Liever puts schrijven dan calls kopen
Wie denkt dat de koers van een aandeel zal stijgen, kan allerlei strategieën opzetten. Het aandeel kopen, lijkt het meest aangewezen. Maar in veel gevallen zal dat een aanzienlijke investering vergen. Met opties zijn heel wat alternatieve oplossingen mogelijk.
De meest voor de hand liggende opossing is een call te kopen. Daardoor krijgt de bezitter van het contract het recht gedurende een bepaalde periode het onderliggende aandeel te kopen tegen een vooraf afgesproken prijs.
Niet alle callkopers hebben de bedoeling de onderliggende waarde te kopen. Ze bezitten het recht om te kopen en dat recht kunnen ze ook verkopen. Ze creëren zo een hefboomeffect, aangezien de goedkopere calls procentueel sneller in waarde stijgen voor elk punt dat de prijs van het aandeel stijgt. De mogelijke winst is onbeperkt, het maximale verlies is de betaalde premie.

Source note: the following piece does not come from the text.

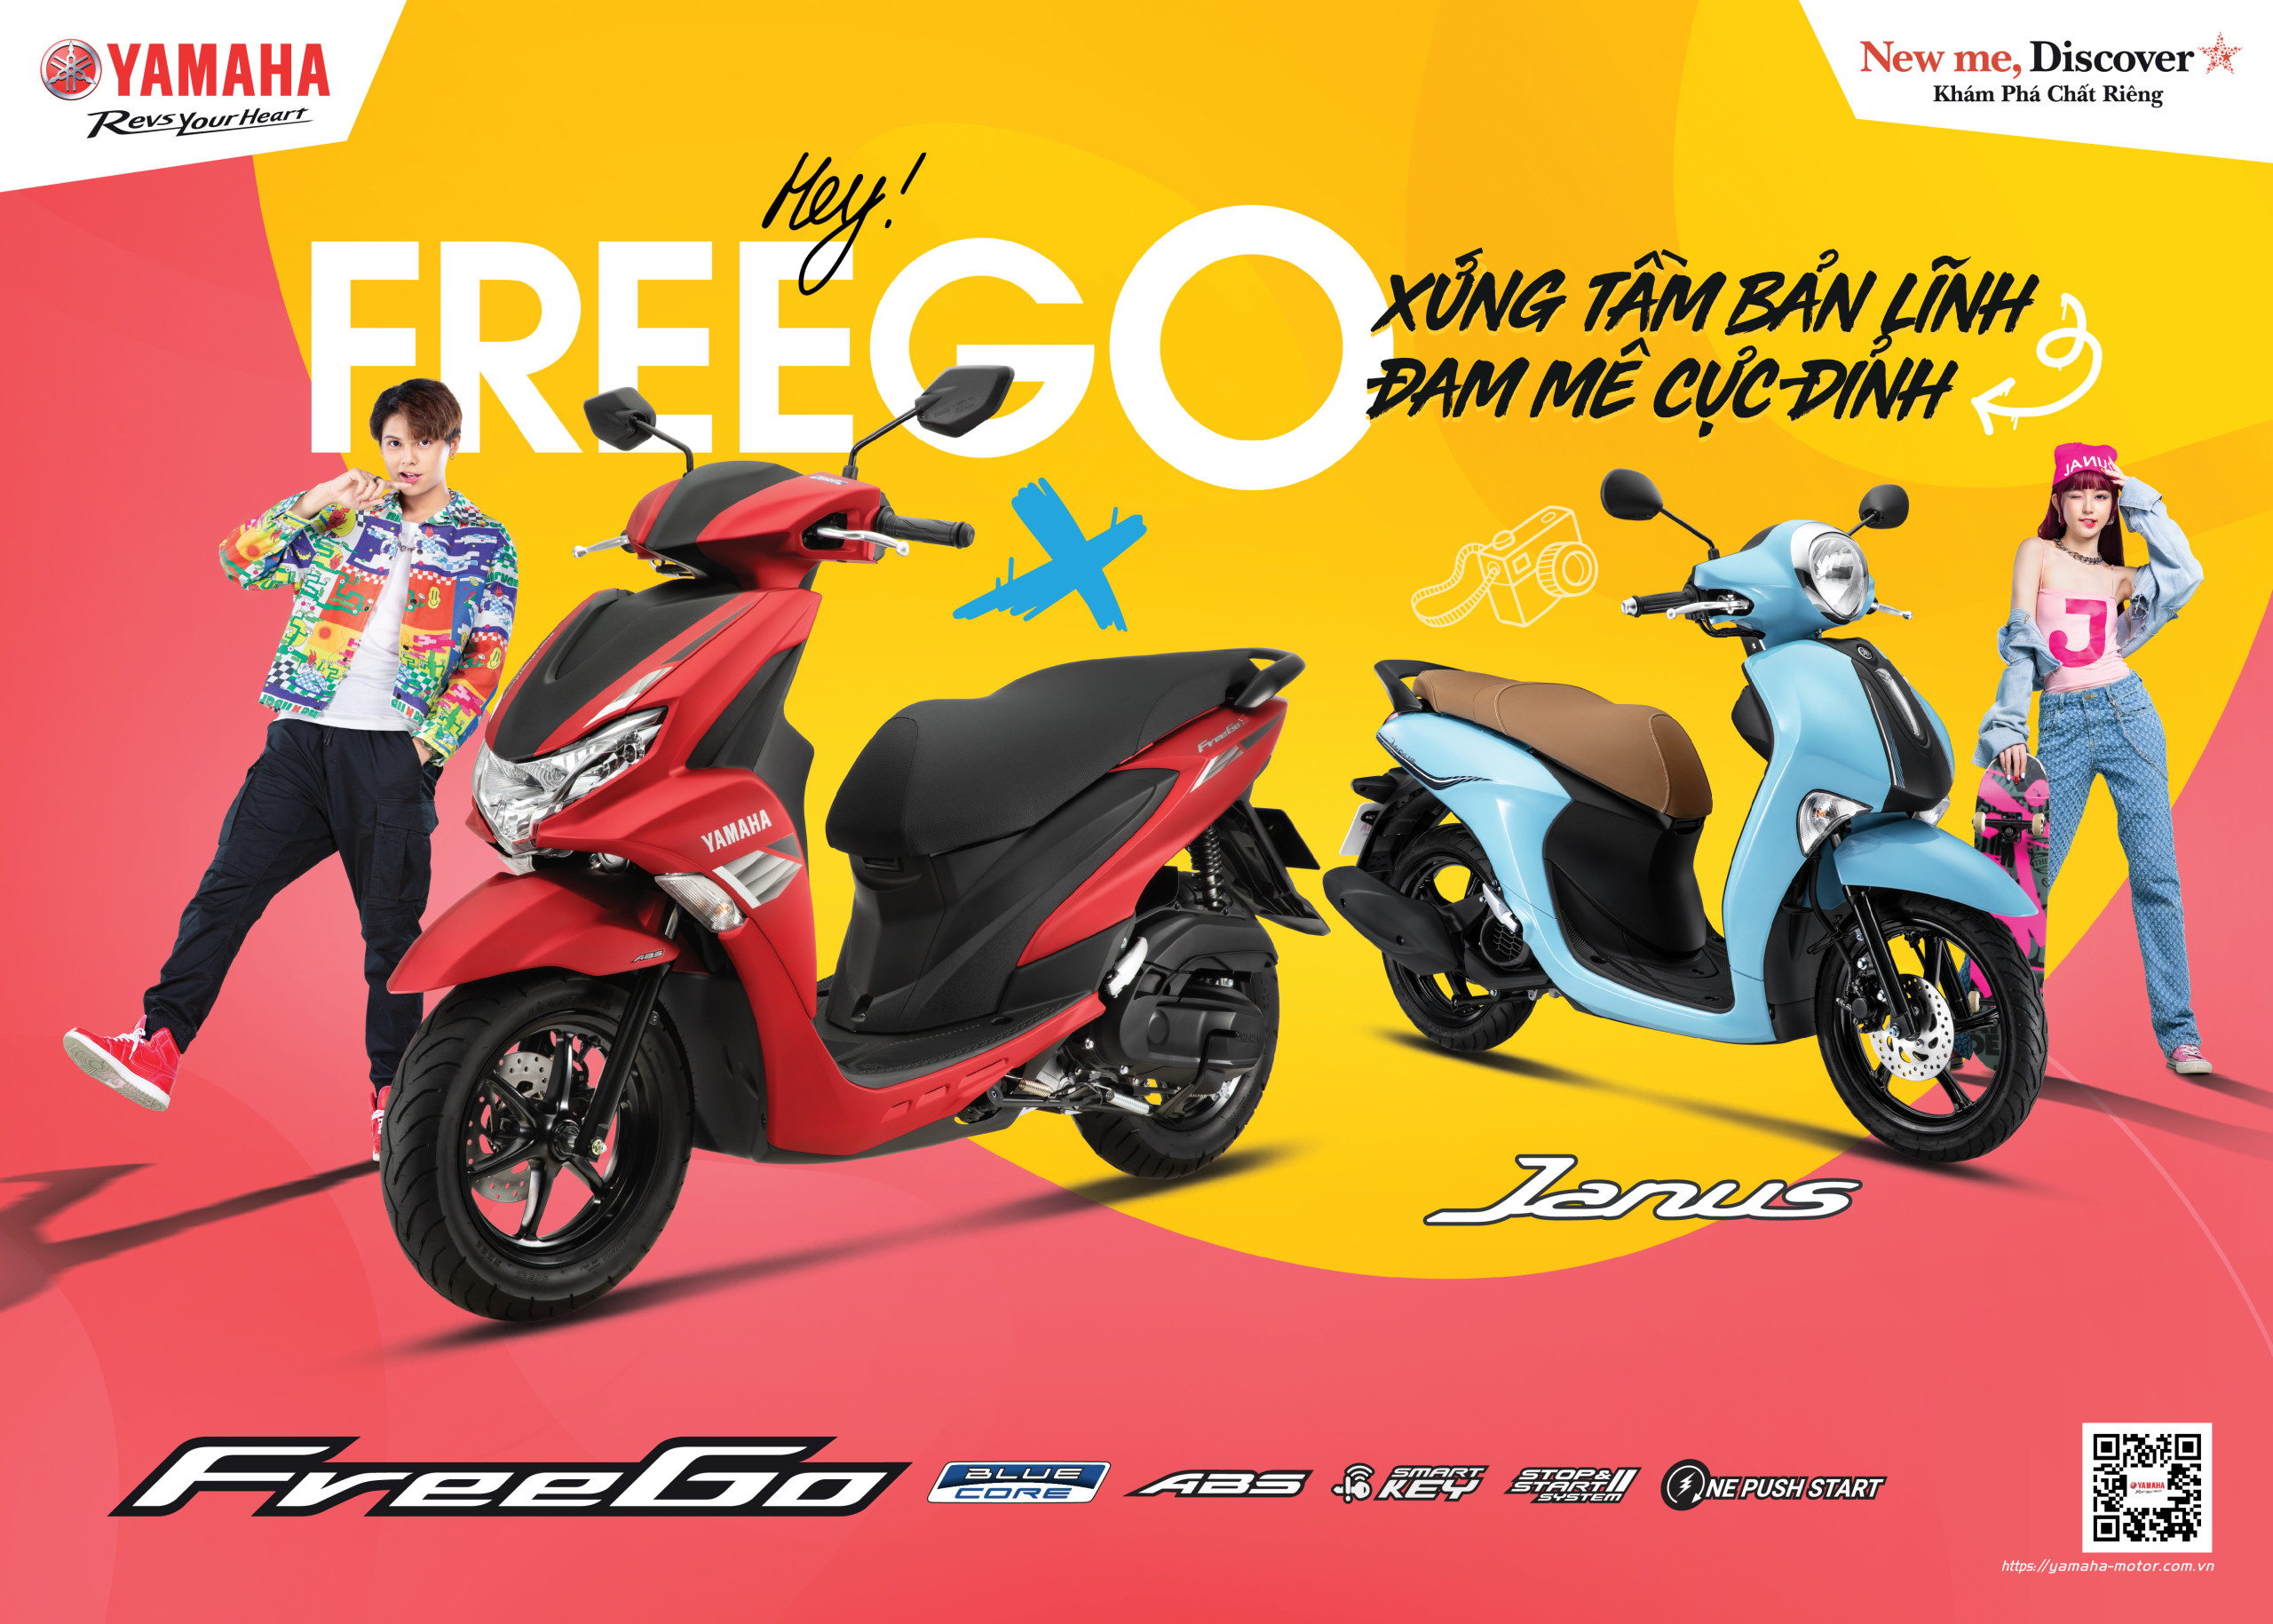 FREEGO 2022: “XỨNG TẦM BẢN LĨNH, ĐAM MÊ CỰC ĐỈNH” - Yamaha Motor Việt Nam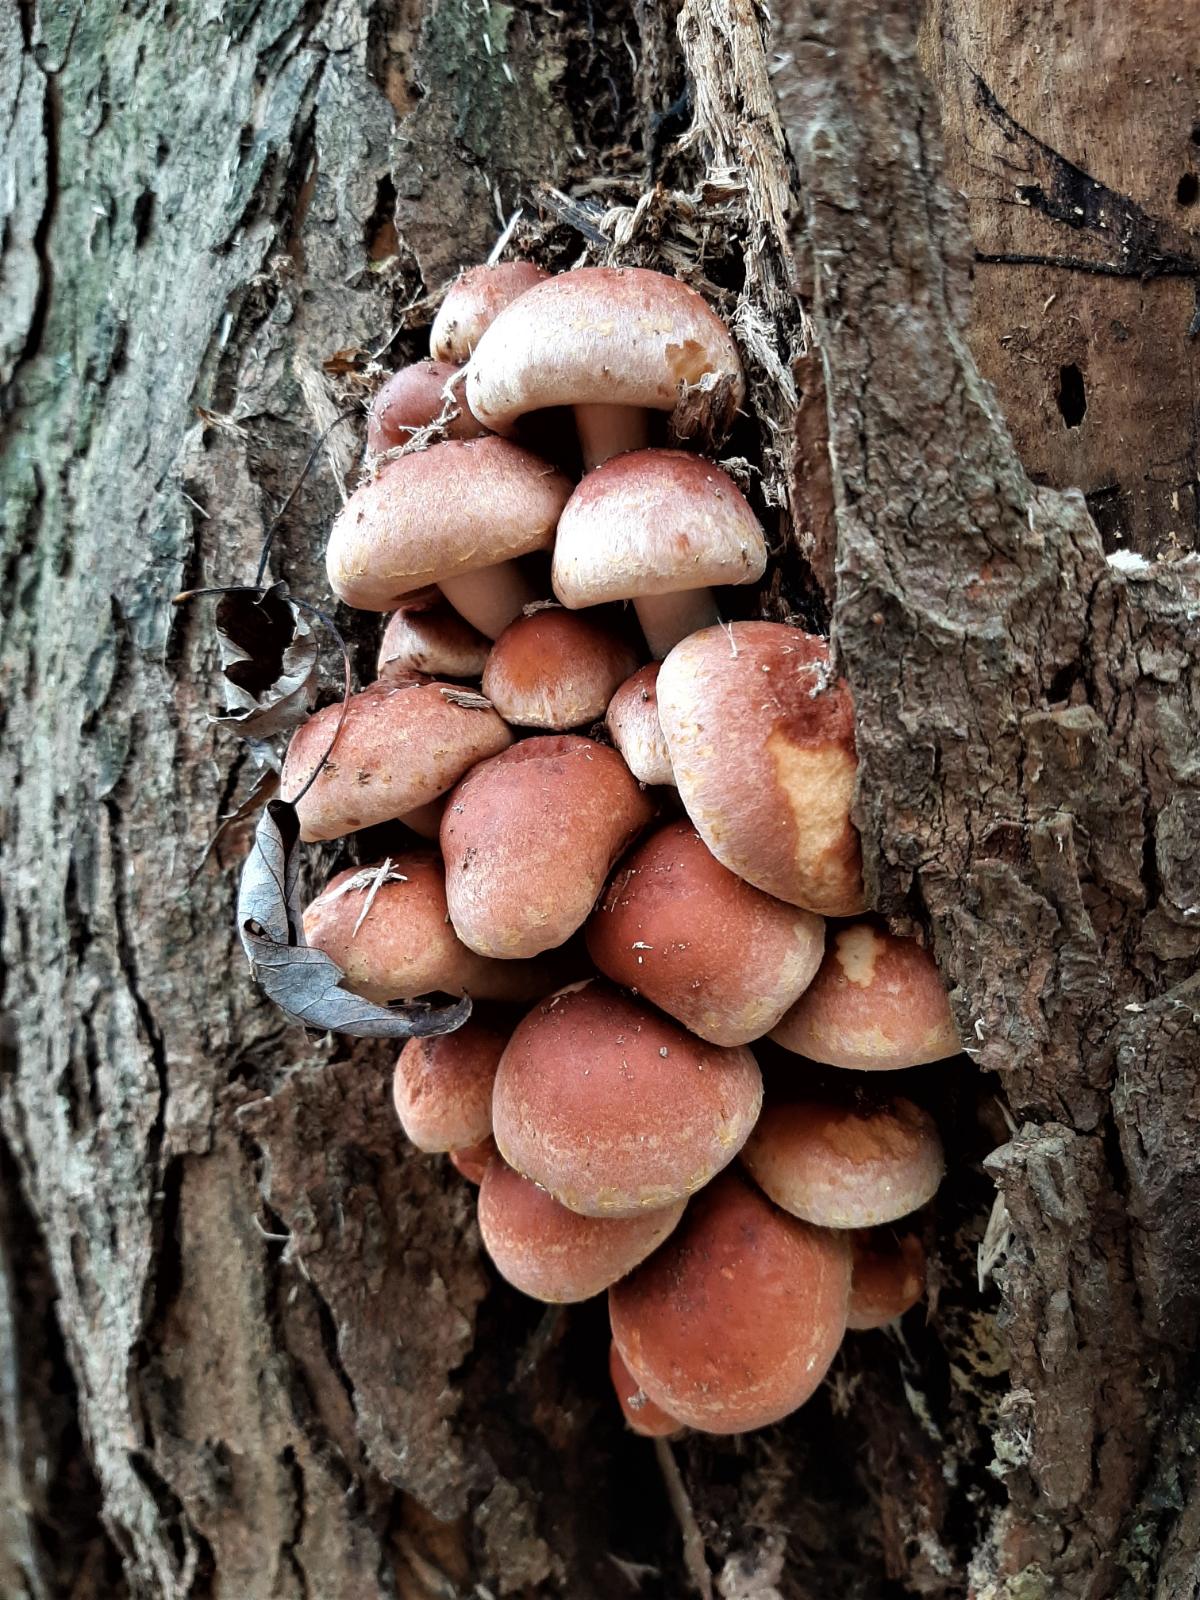 brick cap mushroom on tree

Doorgaans verkiezen we een geschreven put om à la hausse te gaan op een aandeel. Het opzetten van de strategie vergt geen investering. Als schrijver van de optie ontvangt u de premie, omdat u de plicht krijgt de aandelen te kopen (put) of te verkopen (call). Bovendien speelt de tijd in het voordeel van de schrijver. Doorgaans bestaat de premie uit intrinsieke waarde en tijdswaarde. De laatste waarde vermindert naarmate de tijd verstrijkt, om nul te worden op de vervaldag van het contract.
Voorbeeld
Het aandeel ABC wordt in februari verhandeld tegen 55 euro. We schrijven de put maart 55 euro en ontvangen daar 2 euro voor. Stel dat de koers van het aandeel ABC tot 60 euro stijgt tegen de vervaldag. De put die de koper het recht heeft verschaft het aandeel te verkopen tegen 55 euro wordt dus waardeloos, want hij kan er op de beurs 60 euro voor krijgen. De schrijver van de put mag de premie behouden. De winst is 2 euro x 100, omdat elke optie doorgaans betrekking heeft op 100 aandelen.
Dalen de aandelen ABC in waarde, bijvoorbeeld tot 50 euro, dan heeft de putoptie een intrinsieke waarde van 5 euro (55 – 50). De schrijver koopt de put terug en betaalt 5 euro, verminderd met de 2 euro die hij ontvangen heeft. Het verlies bedraagt dus 3 euro (x 100). Hij kan ook uitgeoefend worden en koopt dan de aandelen die nog 50 euro waard zijn tegen 55 euro. Hier is het neerwaartse risico beperkt tot 55 euro min de ontvangen premie van 2 euro. Het risico is dus iets beperkter dan voor een belegger die de aandelen bezit.